Ulteriori interventi - Additive manufacturing summit


Gli interventi di apertura sono stati senza dubbio di grande ispirazione tuttavia non sono mancati i fuochi d’artificio anche durante la sessione pomeridiana e quella della giornata successiva. Come anticipato in un precedente articolo, la conferenza era suddivisa in quattro traiettorie, due prevalentemente dedicate all’ambito medicale e due dedicate alle imprese e start-up che stanno impiegando la stampa 3D nelle proprie attività produttive. Io ho seguito gli interventi del “Additive Manufacturing Summit” ed è stato molto interessante constatare in che modo la stampa 3D abbia conferito un valore aggiunto non solo al ciclo produttivo di piccole imprese e start-up ma anche a quello di aziende del calibro di Adidas, Mazda e Samsonite. Tra i vari interventi mi ha colpito molto quello del Dr. Atsushi Kawamoto, Senior Researcher/Program Manager di Toyota, il quale ha illustrato il processo di progettazione dei prototipi dei sedili delle vetture della multinazionale giapponese. Tali elementi dovevano essere più leggeri possibile, pur preservando determinate prestazioni strutturali. Per soddisfare questo requisito sono stati combinati due elementi: ottimizzazione topologica e additive manufacturing. A livello concettuale, l’ottimizzazione topologica della struttura dei sedili implica non solo il risparmio in termini di materiale, distribuendolo in maniera più intelligente, ma anche la riduzione della capacità termica e quindi un miglioramento del benessere dell’utente. A livello pratico, l’unica tecnologia che consente di realizzare prototipi di questo tipo è la stampa 3D, in particolare, nel caso in questione, è stata usata la tecnologia di sinterizzazione laser. Dall’immagine si può notare che l’ottimizzazione topologica è stata applicata due volte, in prima istanza per determinare una struttura principale ed in seconda istanza per alleggerire ulteriormente le parti a bassa densità mediante delle cellette ottaedrali.

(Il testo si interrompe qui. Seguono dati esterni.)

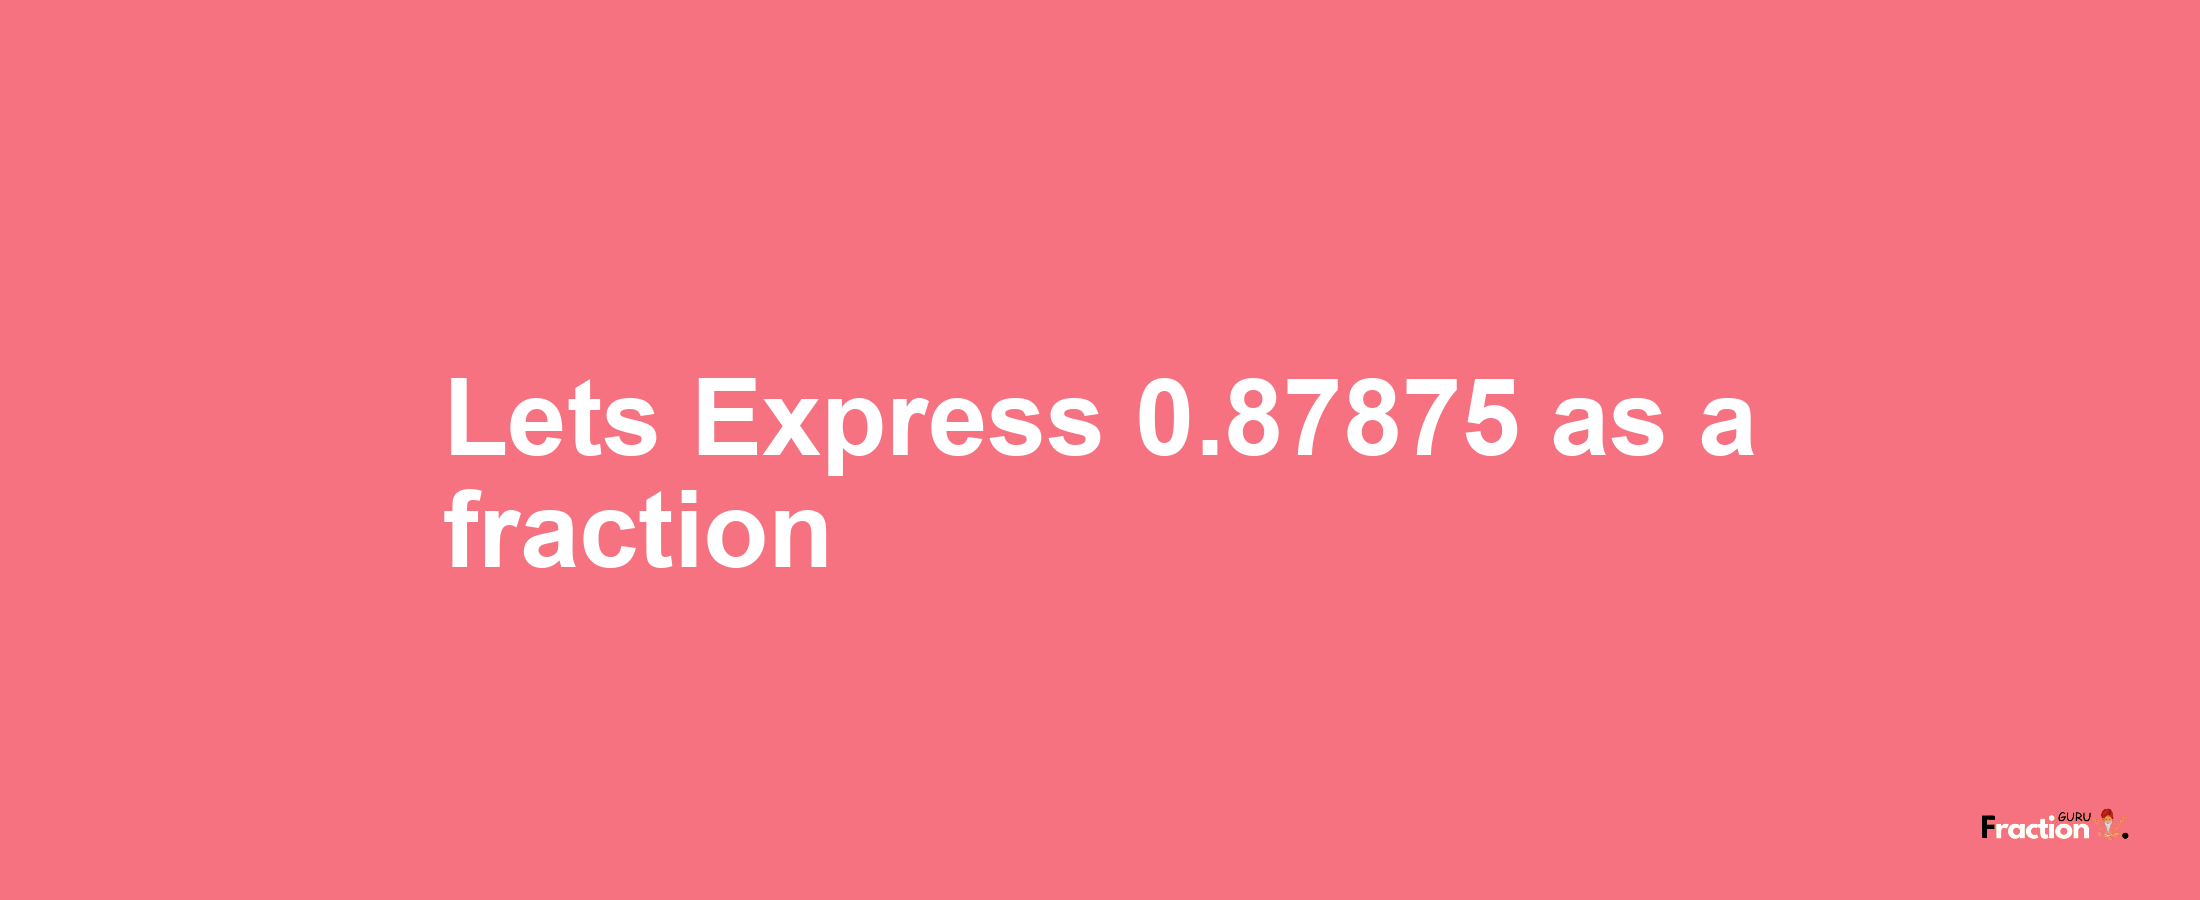 Lets Express 0.87875 as afraction

A conclusione della prima ed intensa giornata di conferenza abbiamo assistito in anteprima all’esibizione “Making a difference/ a difference in making” curata dall’architetto Marta Malé-Alemany e tenutasi al museo Bozar. Nella giornata di sabato, invece, abbiamo visitato il quartier generale di Materialise, prossimamente vedrete un articolo dedicato al factory tour.